Journal of Natural Science, Biology and Medicine

: 2011  |  Volume : 2  |  Issue : 3  |  Page : 37--38

Analysis of annotation strategies for hypothetical proteins: A case study of Neisseria

Neeraj Nagpal, Neera Munjal, Sayan Chatterjee 
 University School of Biotechnology, Guru Gobind Singh Indraprastha University, New Delhi, India

Correspondence Address:
Neeraj Nagpal
University School of Biotechnology, Guru Gobind Singh Indraprastha University, New Delhi

How to cite this article:
Nagpal N, Munjal N, Chatterjee S. Analysis of annotation strategies for hypothetical proteins: A case study of Neisseria.J Nat Sc Biol Med 2011;2:37-38

How to cite this URL:
Nagpal N, Munjal N, Chatterjee S. Analysis of annotation strategies for hypothetical proteins: A case study of Neisseria.
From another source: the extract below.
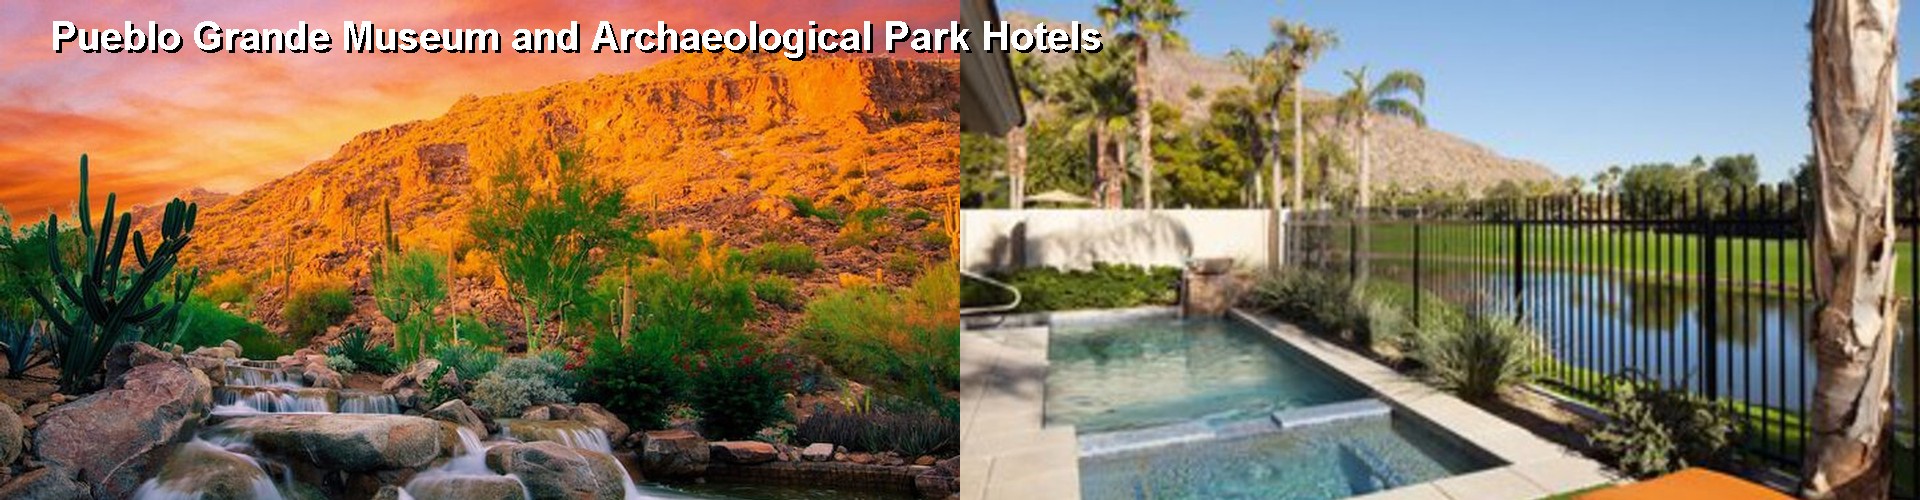 5 Best Hotels near Pueblo Grande Museum and Archaeological Park

J Nat Sc Biol Med [serial online] 2011 [cited 2020 Aug 7 ];2:37-38
Available from:

Full Text

Growing possibilities of biotechnology for genome sequencing lead to generation of sequences for millions of genes. However, function of majority of these genes is unknown, and can be determined experimentally only for a few of them. Therefore, a large part of proteomes is represented by hypothetical proteins (HP), i.e. proteins predicted from nucleic acid sequences only and protein sequences with unknown function. The usual scenario involving hypothetical protein is in gene identification during genome analysis. When the bioinformatics tool used for the gene identification finds a large open reading frame without an analog in the protein database, it returns "hypothetical protein" as an annotation remark.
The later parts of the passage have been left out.